F0/F1/F2 in Hz; F1/F2 vary within the N ≈ 15 measurement noise (no systematic trend; the signal is the absence of degradation). MCD spread is near the ≈ 0.3 dB just-noticeable difference (JND). UTMOS is wideband-trained and weakly discriminative at 16 kHz (all configs ≈ 2.9, reference 3.14). Inference ≈ 28× real time on CPU, 16× on an L4 GPU.

Method

How it works

The phonetic control surface

Every control is a parameter phoneticians already reason with, estimated by the network, then realised directly by deterministic DSP.

The six phonetic dimensions, the DSP parameter each maps to, and its perceptual meaning.
Phonetic dimensionControlMeaning
PitchF0intonation & register — scales the natural F0 (real tone shape preserved)
Vowel qualityF1 F2tongue height & backness — the vowel space
Phonation / voice qualityRd + aperiodicitybreathy ↔ modal ↔ pressed (glottal shape and HNR/noise)
Spectral tilt / effortαvocal effort / source spectral balance
Loudness · prominenceenergy (+F0+α)stress as a joint cue (timing fixed, so duration excluded)
Nasalityanti-formantoral ↔ nasal(ised) — a learned pole–zero (ARMA) zero, controllable

Architecture

Analytic source–filter core

A differentiable LF glottal-flow source excites an analytic vocal-tract cascade: spectral tilt + range-constrained F1/F2 resonator biquads + learned higher poles. The formant biquads are the control surface: physical, not latent.

Decoupled by construction

Because F1/F2 are dedicated, range-bounded poles, scaling one does not leak into the other: F0/F1/F2 are cleanly independent. Energy, tilt and glottal Rd show modest, partly measurement-induced cross-talk; the studio above demonstrates the clean F0/F1/F2 cases.

Interpretable aperiodicity

A band-aperiodicity head, supervised by WORLD D4C, controls the harmonic-vs-noise balance per frequency band: an explicit, observable breathiness / HNR dimension.

Low-resource

As little as one hour of single-speaker audio per voice (the cross-language models use 5 h).

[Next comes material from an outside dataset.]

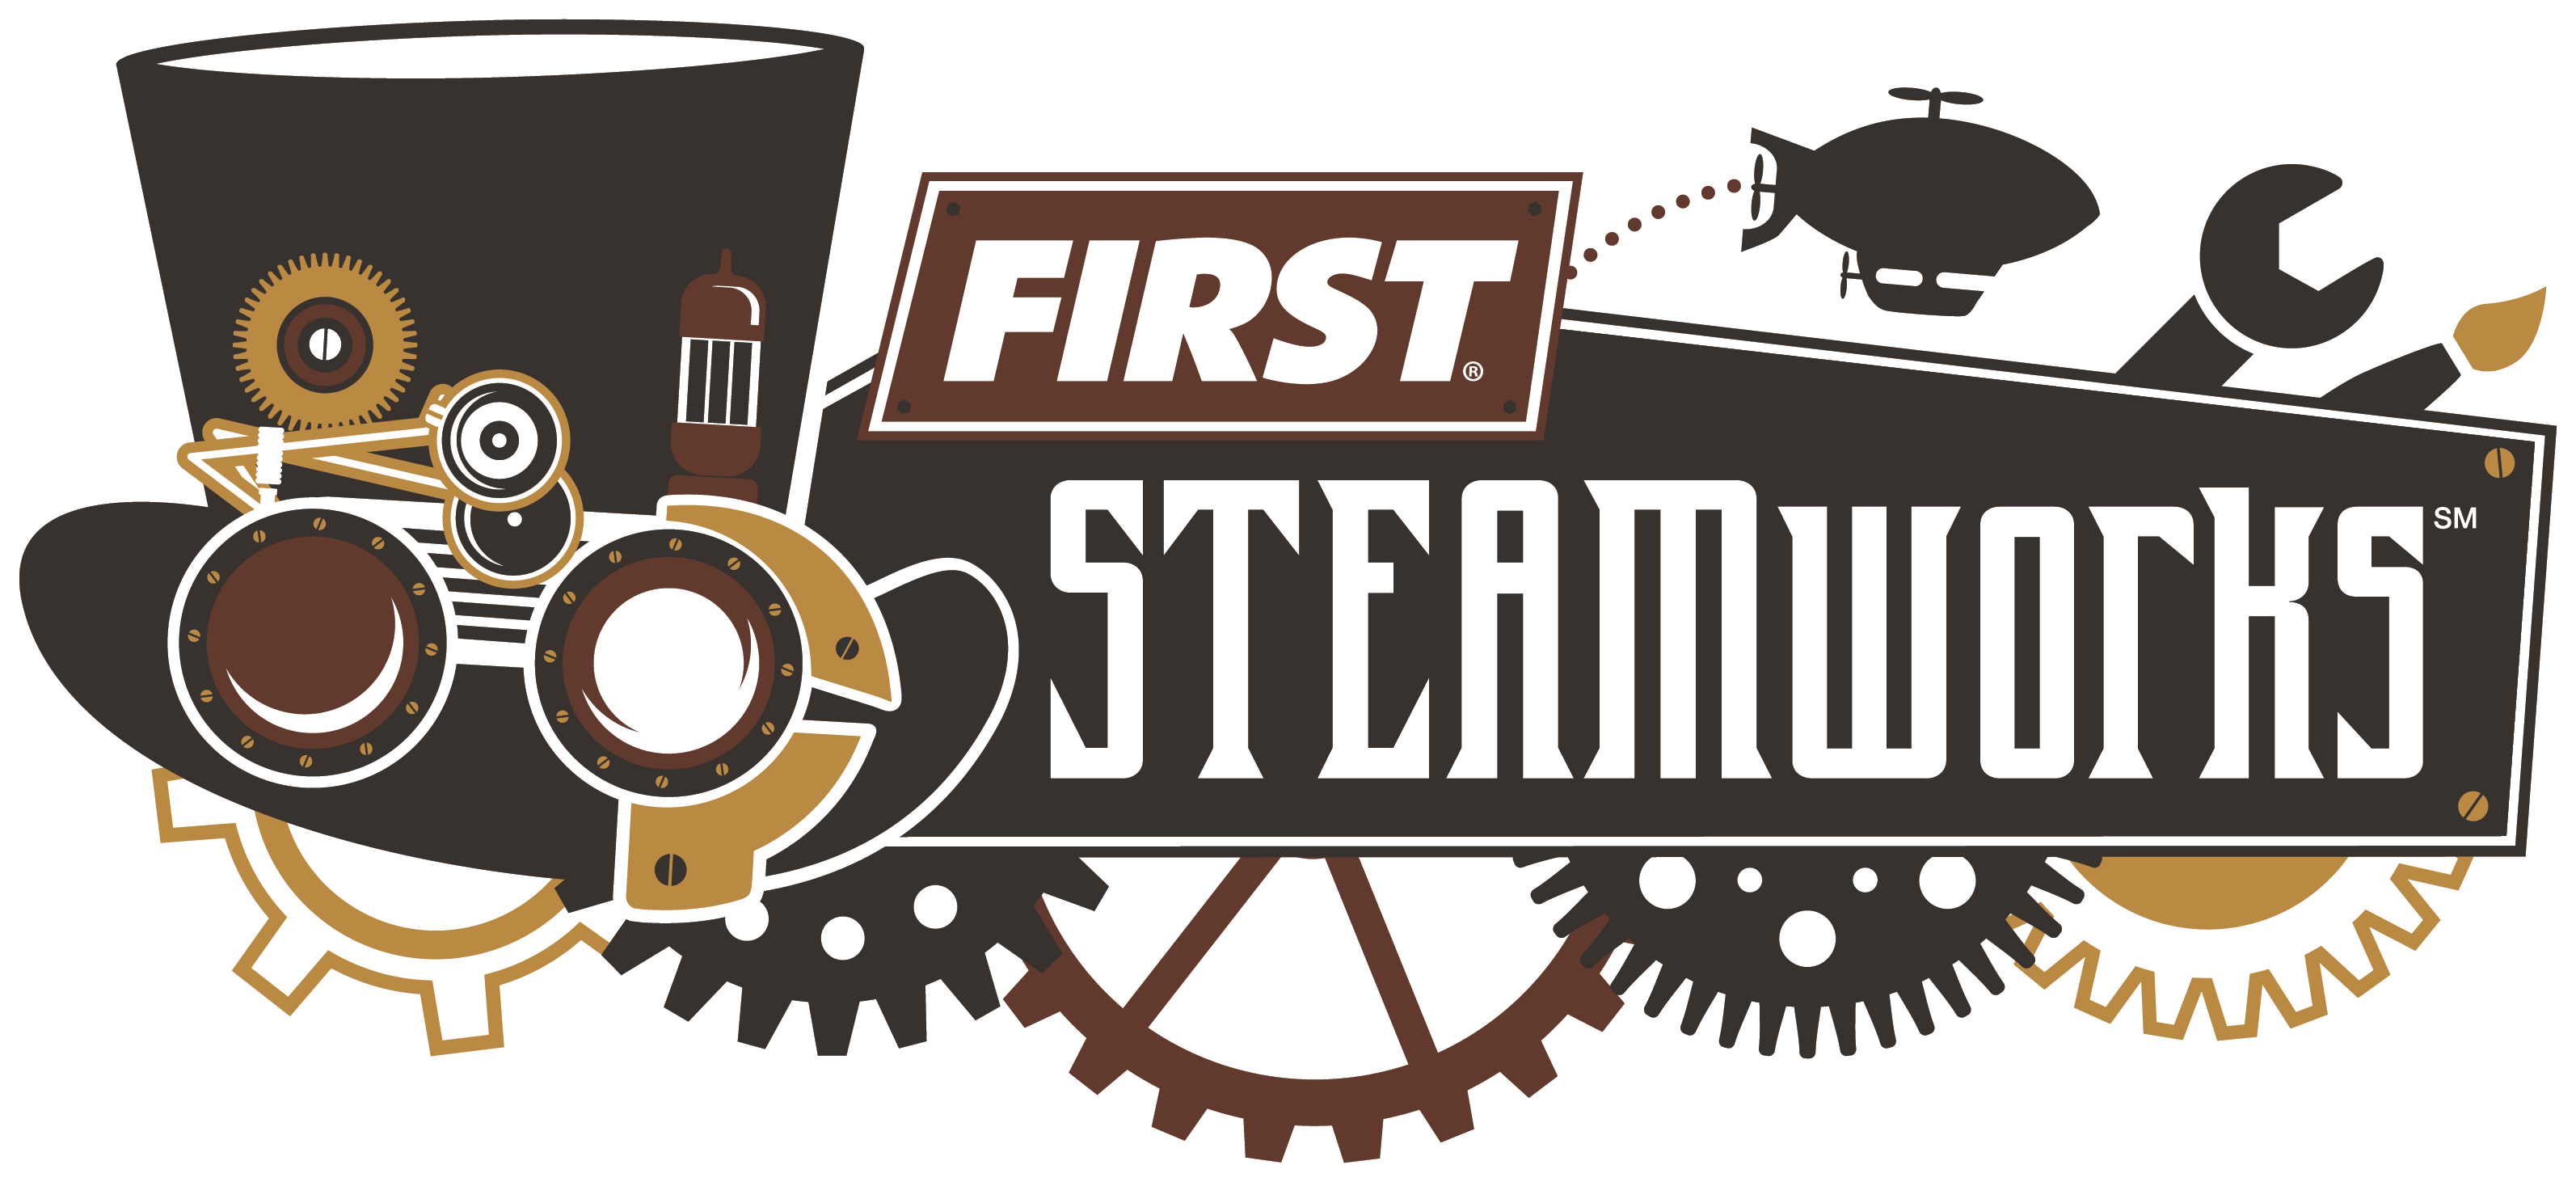 FIRST Steamworks logo, logotype

No text and no phonetic labels at synthesis time; analysis–resynthesis with true F0.

Scope & limitations

The oral tract is all-pole (clean, decoupled formants); a learned pole–zero (ARMA) section adds the anti-formant nasals need, exposed as a controllable nasalisation control.

  • The learned nasal zero mostly activates under manipulation; aggregate reconstruction gain is modest.
  • A dedicated low nasal pole (~250 Hz) and anti-formant supervision are future work.
  • Single speaker, ~1 h; timing is fixed (prominence excludes duration); rounding via F2 only.